# Have you heard of Fallon Taylor the barrel racer???



## lildonkey8 (Dec 12, 2010)

All i gotta say is that my friends name is _Fallon Taylor_!


----------



## Citrus (Feb 26, 2010)

interesting..... when my daughter was a baby, we had a sitter in Arizona named Fallon, but I don't remember her last name.....


----------



## Citrus (Feb 26, 2010)

lildonkey8 said:


> All i gotta say is that my friends name is _Fallon Taylor_!

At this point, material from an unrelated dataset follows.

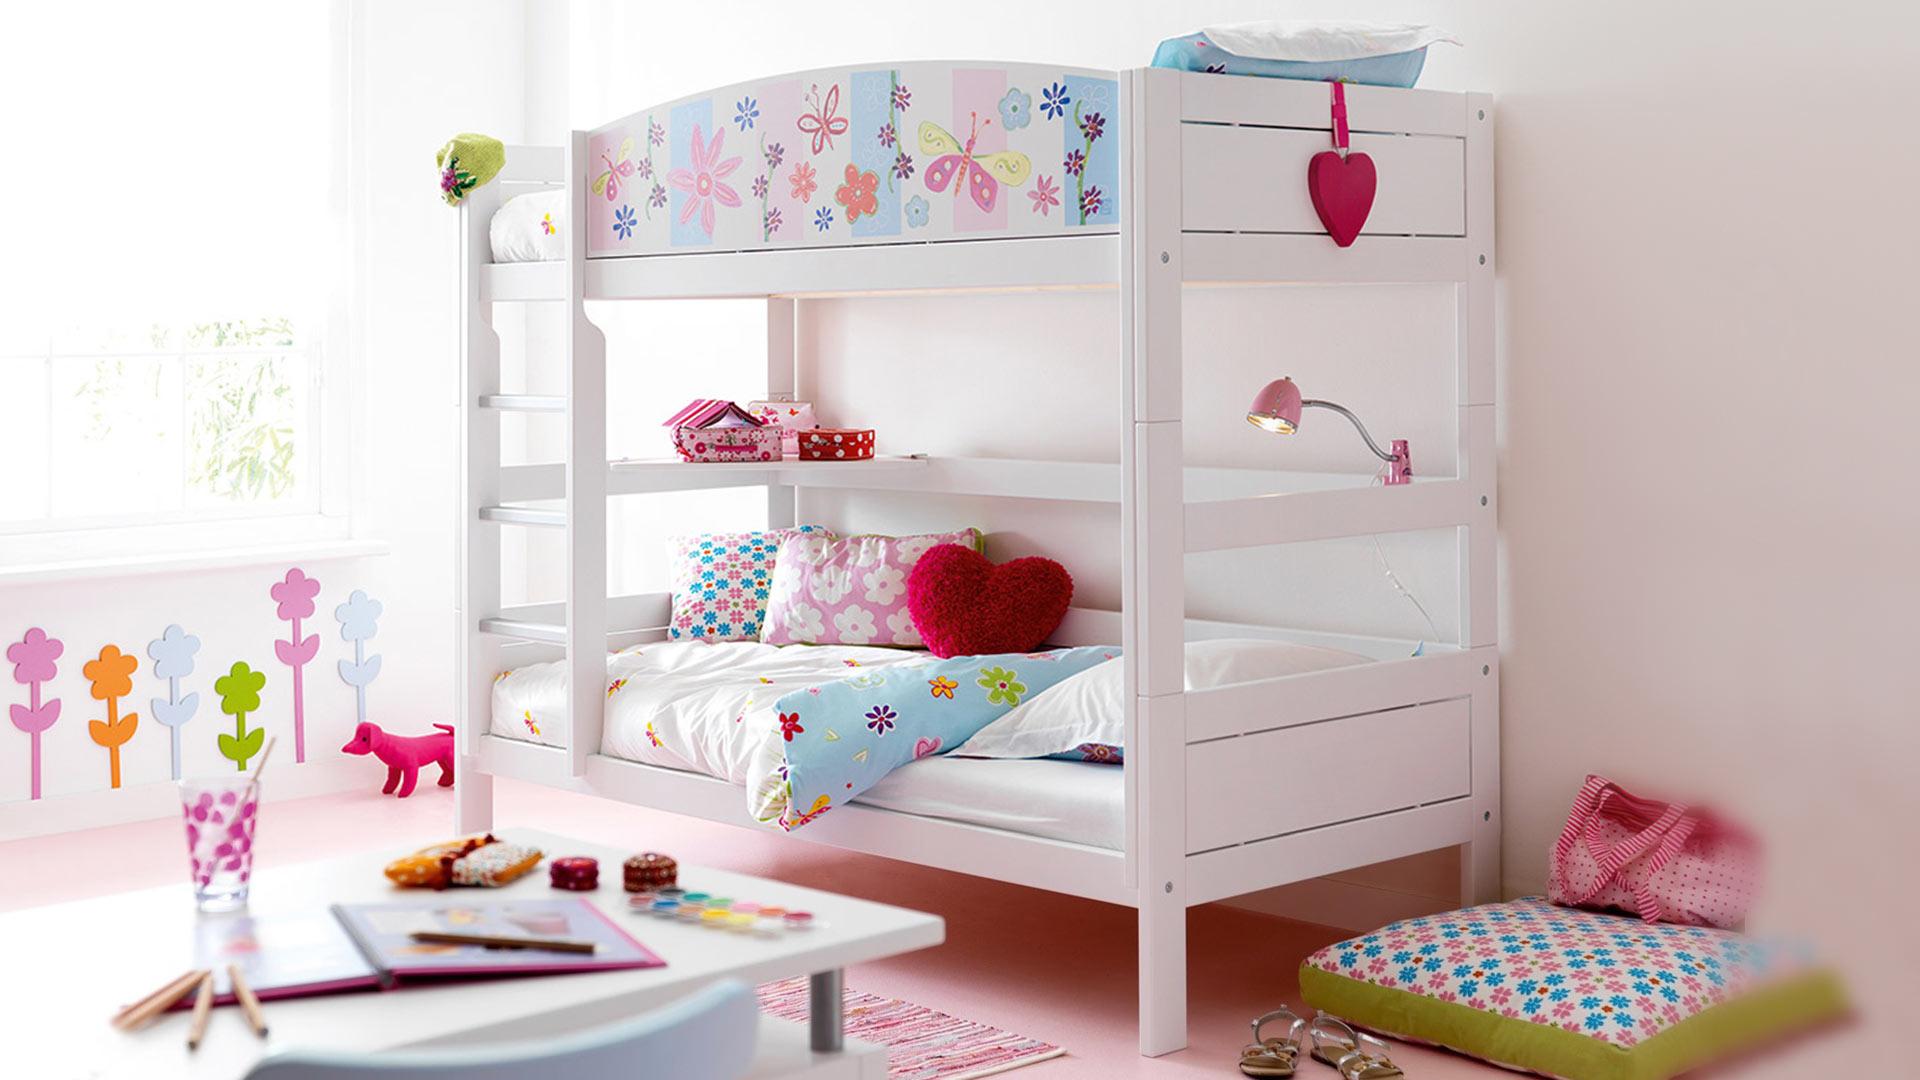 Etagenbett Gute Qualität : Relita etagenbett u eu emikeu cu c bett aus massiver buche online kaufen

So your friend is Fallon Taylor the barrel racer?


----------



## lildonkey8 (Dec 12, 2010)

Sadly nope. She's like; 7 yo?


----------



## HopalongCassidy (Dec 19, 2010)

Here's her website. (From some one, i heard to stay away from her horses.) I don't know why and i see why your daughter has taken to her. You don't hear much of her, I don't at least. Me i was inspired by Jackie Jo Perrin. And she hasn't barrel raced since a long time. There the website. May e-mail her and see if she'll give you or your daughter a few pointers. 

Dynasty Equine Online!

Here's some info on her:

At 15, Fallon Taylor is a top barrel racing pro

She's not 15 any more though.


----------



## Tennessee (Dec 7, 2008)

I've heard mixed reviews about her. I don't know how her lesson programs are, but I do know that they sell out some horses that are absolute nutjobs that they play off as "calm and easy for anyone to ride", and some of their horses you could trust a complete beginner on.


----------